А если что и остается
Чрез звуки лиры и трубы,
То вечности жерлом пожрется
И обшей не минет судьбы.
 

Какая пронзительная и проницательная безнадежность на краю смерти! Какая противоположность его же величавому и самоуверенному «Памятнику»!

Кстати о рукописях. В наши дни победного шествия Интернета, когда сами рукописи становятся ненужным атавизмом, вместе с ними уходит целая культура. Представьте себе наследие Пушкина без его черновиков с рисунками на полях или переписку Пастернака и Фриденберг в виде электронной почты.

Залы, где мы находились, как рассказал Тоник, были специально отведены под хранилище редких рукописей, прежде императорское. Я обратил внимание на большое число старых французских рукописей и книг, и Эйдельман, улыбаясь хищной улыбкой миссионера при виде еще не обращенного дикаря, поведал мне забавную историю из времен Великой Французской революции. 14 июля 1789 года, когда дымилась взятая санкюлотами Бастилия, все ее многолетние архивы были вышвырнуты прямо на мостовую. Мимо проезжал скромный чиновник русского посольства страстный коллекционер Дубровин, который, проявив чисто российскую сметку, послал тут же в посольство за подводами. Так бесценные архивы французской королевской тюрьмы оказались в Санкт-Петербурге.

Не менее удивительной в этом строгом хранилище мне показалась та нескрываемая симпатия, с которой к Тонику относились все без исключения хранители и хранительницы, чья строгость и недоверчивость являлись необходимой частью их профессии. Его человеческое обаяние вообще везде и всегда действовало на окружающих. Он был на редкость органичный человек, никогда не старался подделываться ни под кого, понравиться аудитории или какому-нибудь значительному лицу. Может быть, именно поэтому, будучи полным и грузным, двигался он с каким-то неповторимым изяществом, а лицо его, часто освещенное улыбкой, казалось всегда молодым. Борис Жутовский нарисовал его портрет, на котором Натан Эйдельман совсем не такой – на портрете он жесткий, монументальный и трагический. Наверное, так оно в самом деле и было, но мне запомнился другой Тоник – общительный и веселый. На друзей своих он сердиться долго не умел и прощал им любые обиды.

Более всего обычно ссорился он в компаниях и застольях со своим самым близким другом Вольдемаром Петровичем Смилгой, человеком во всех отношениях выдающимся. Не случайно Юлий Крелин, осуждая приверженность Смилги к Бахусу, заявил как-то: «Нужны мировые запасы водки, чтобы разрушить такой интеллект». Обладая весьма язвительным характером, Смилга часто изрядно покусывал Тоника, тем более что еще со школьной парты он более всех знал его уязвимые места. Шумные ссоры эти, однако, были несерьезными и недолгими.

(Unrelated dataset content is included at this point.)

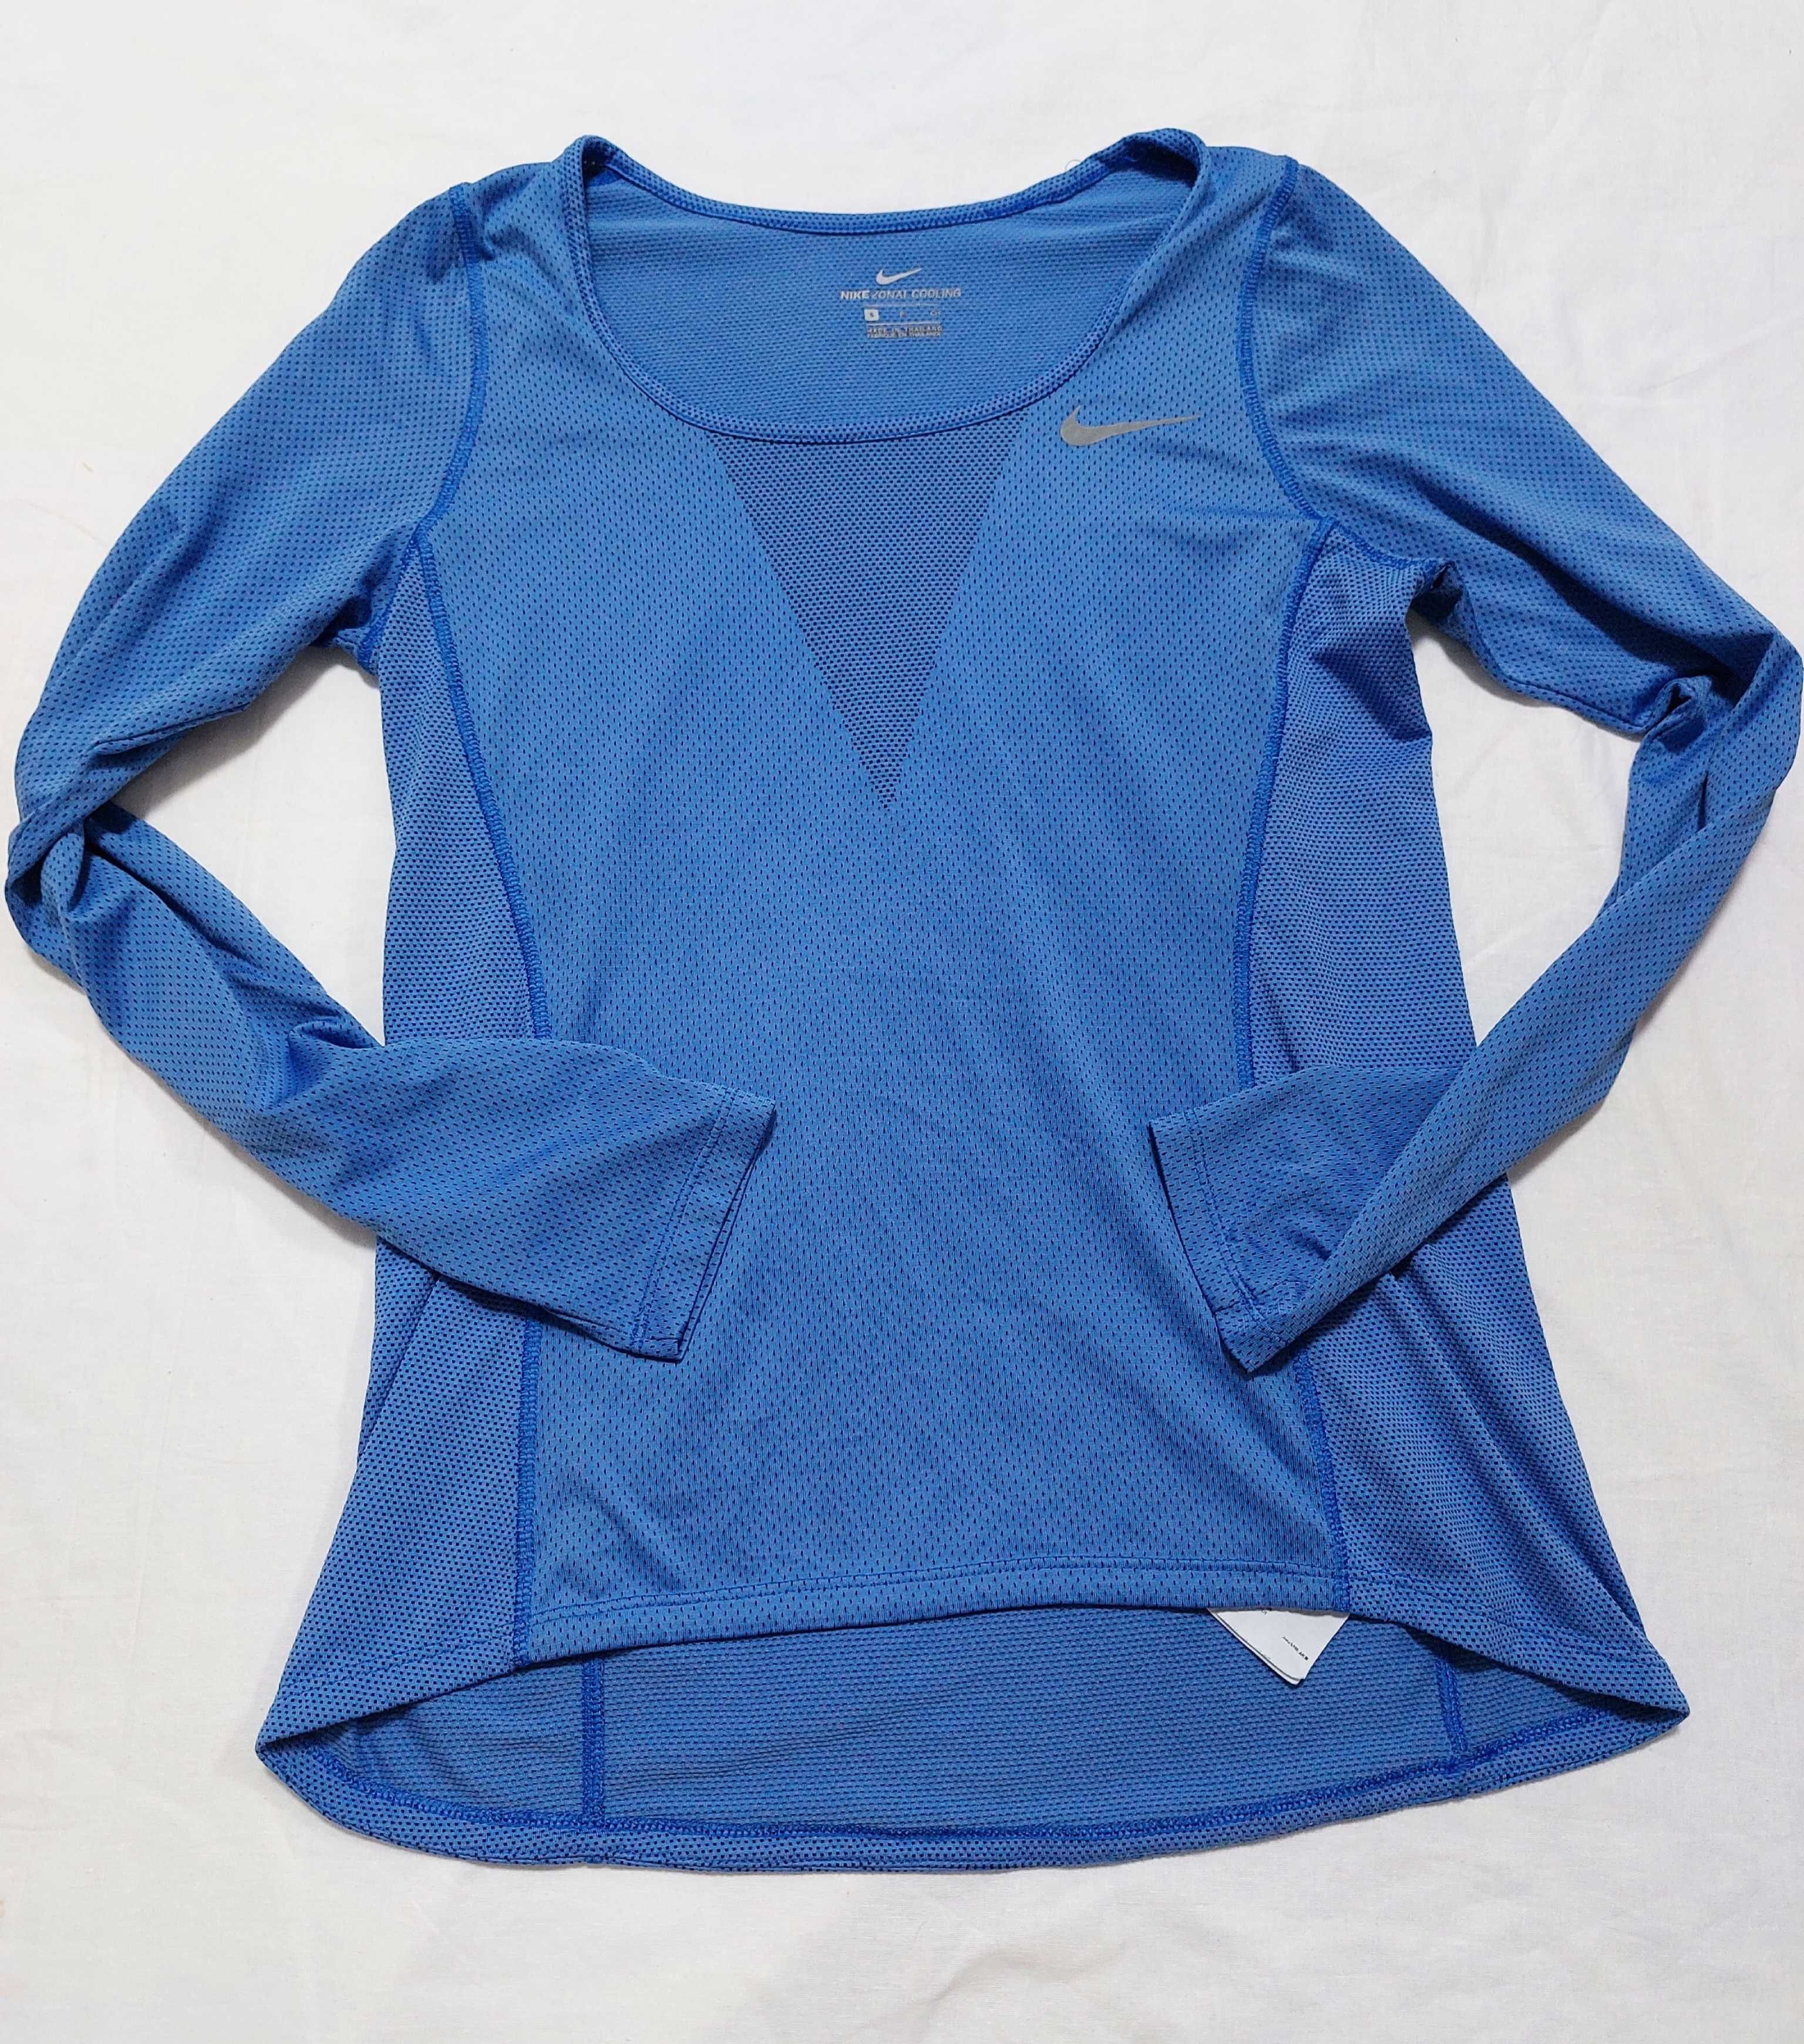 Женская спортивная кофта, лонгслив Nike Zonal Cooling размер М
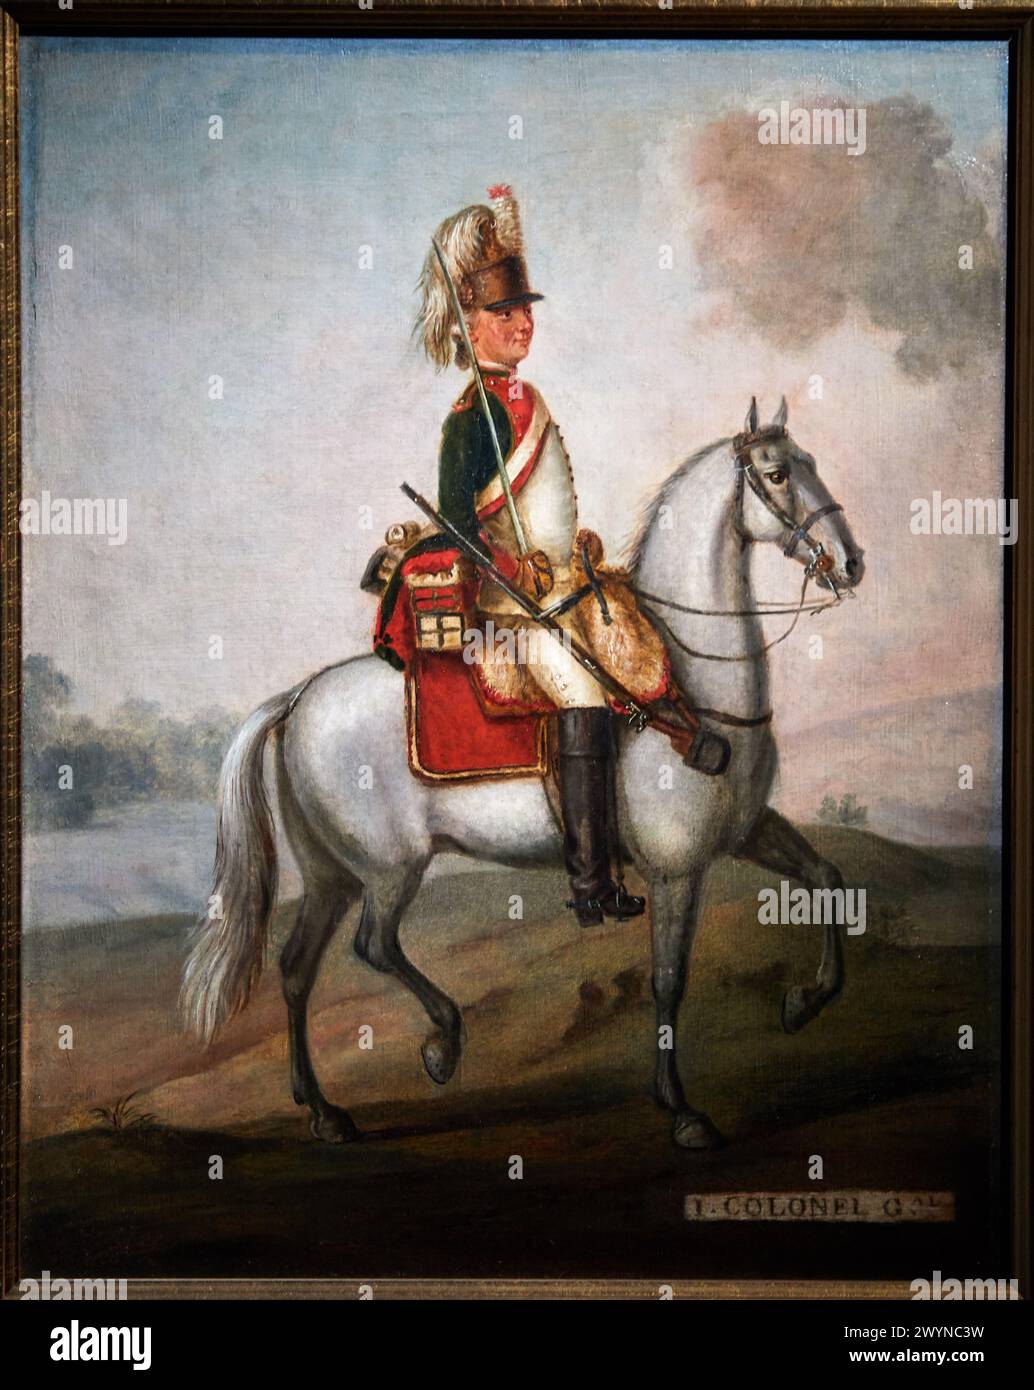 Ein Dragoner aus der ersten Kompanie des Oberst-Général-Regiments, 2. Hälfte des 18. Jahrhunderts, Anonym, Musée de lArmée, Hôtel National des Invalides, Paris, Frankreich. Stockfoto

Сам Смилга любил вспоминать историю со встречей у него на квартире какого-то, сейчас уже не вспомню какого, Нового года, на которой присутствовали я и Тоник с женами. В три часа ночи, когда веселье уже заметно спало, распахнулась вдруг входная дверь и в доме появился еще один друг и одноклассник Эйдельмана – режиссер Владимир Левертов, преподававший в театральном училище, в сопровождении нескольких будущих актрис (в том числе будущей кинозвезды Татьяны Догилевой). По уверениям Смилги, уже через пять минут я пытался петь нм какие-то песни, хотя без аккомпанемента обычно петь не люблю, а Тоник, отпихивая меня, начал громко вещать им что-то о Пушкине. Жены наши, однако, были начеку, и нас развели по домам, а что касается меня, то, как обычно едко рассказывает Смилга, «жена по дороге била его о памятники, не имеющие архитектурной ценности».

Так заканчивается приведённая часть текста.